Now, let's calculate how much ice remains when the water-ice mixture reaches equilibrium. We know that at equilibrium, the final temperature of the system will be the melting point of ice, which is 0°C.
Using the same principle of conservation of energy, we can calculate the heat gained by the ice and the heat lost by the water until they reach equilibrium.
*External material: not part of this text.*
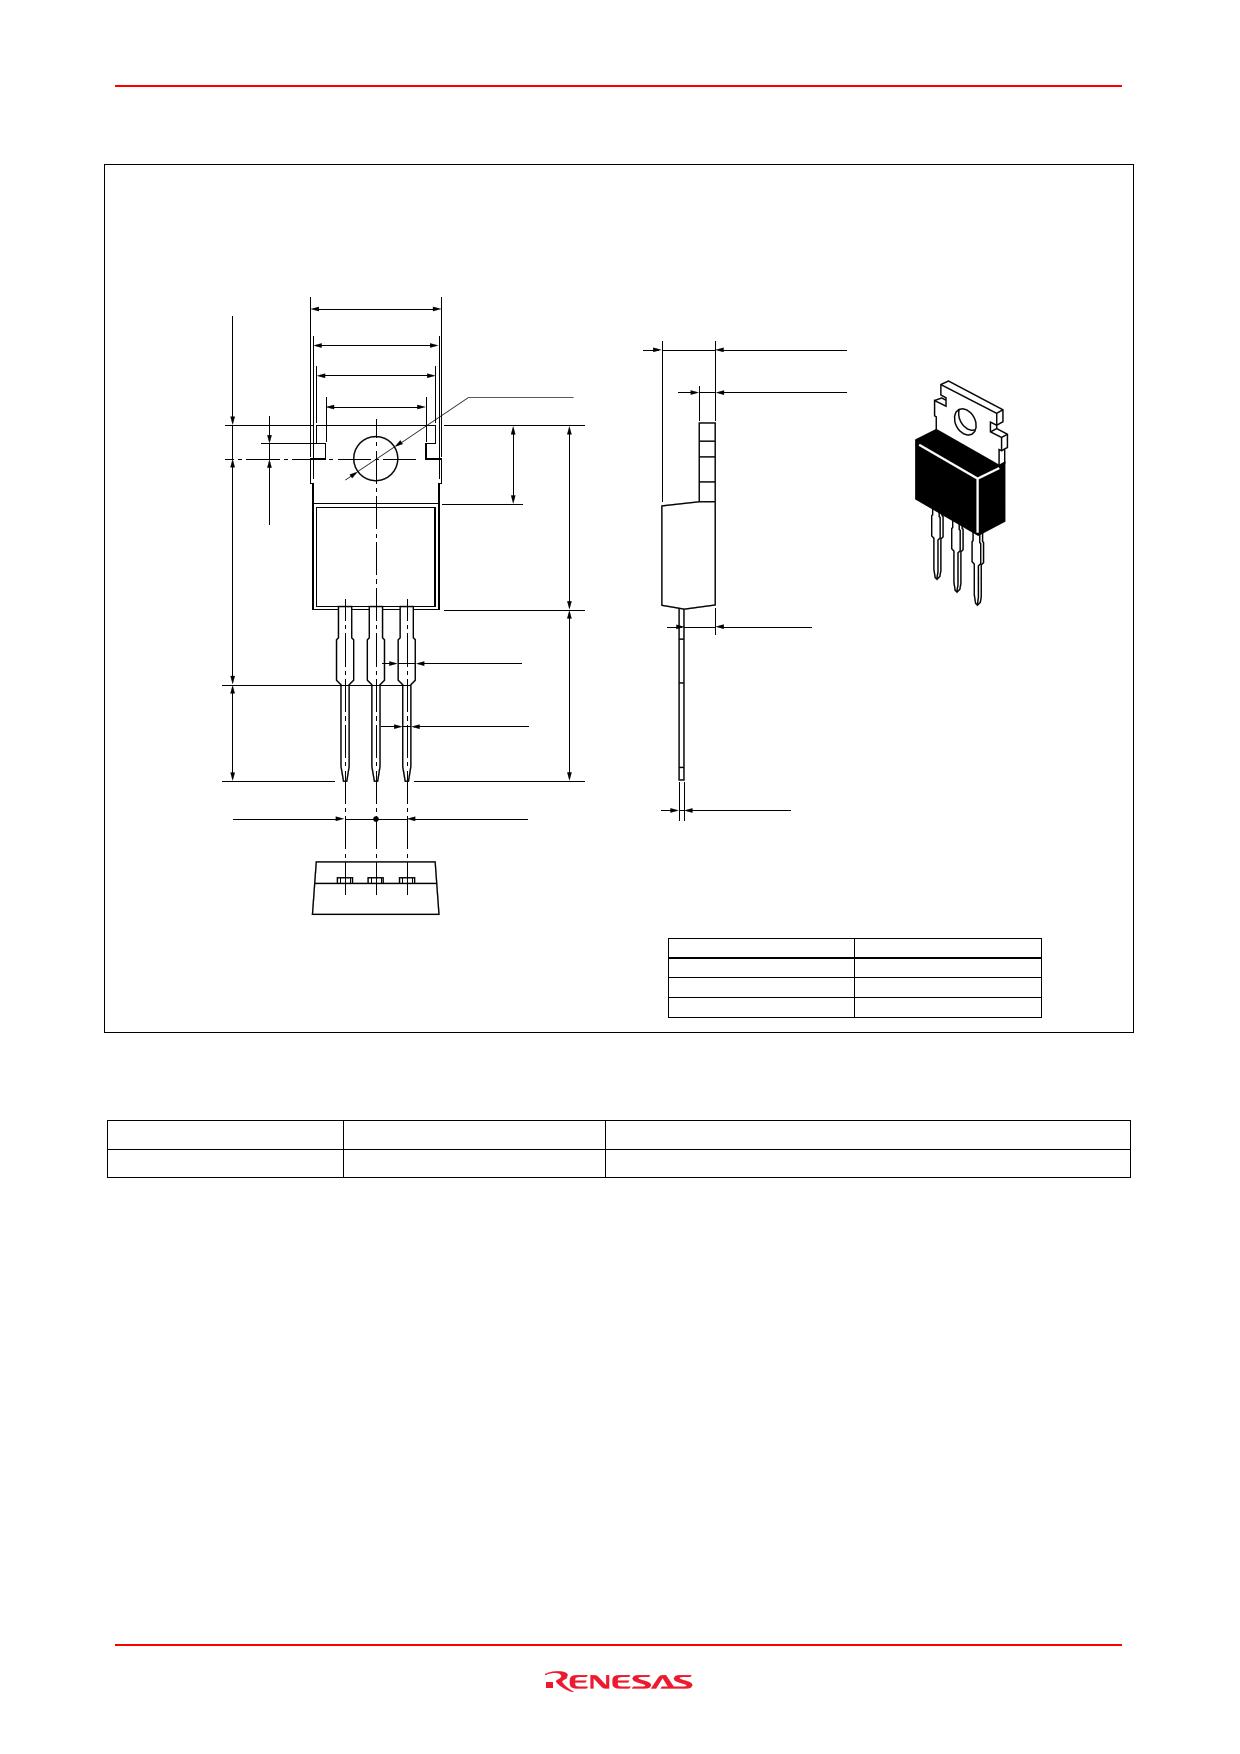 2SK3418 전자부품, 판매, 대치품

We can then use these values to determine how much ice remains.
Following the same initial equations:
\(Q_{\text{ice}} = Q_{\text{water}}\)
\(Q_{\text{ice}} = m_{\text{ice}} c_{\text{ice}} \Delta T_{\text{ice}}\)
\(Q_{\text{water}} = m_{\text{water}} c_{\text{water}} \Delta T_{\text{water}}\)
Substituting the given values and the final temperature as 0°C, we can set up the equation:
\(50 \, \text{g} \times 2.09 \, \text{J/g°C} \times (0 - (-6)) = 300 \, \text{g} \times 4.18 \, \text{J/g°C} \times (0 - 0)\)
Simplifying, we find:
\(62.7 = 0\)
Since this equation is not true, it means that all of the ice will melt, and no ice will remain when the water-ice mixture reaches equilibrium.
Therefore, when the water-ice mixture reaches equilibrium, all the ice will have melted.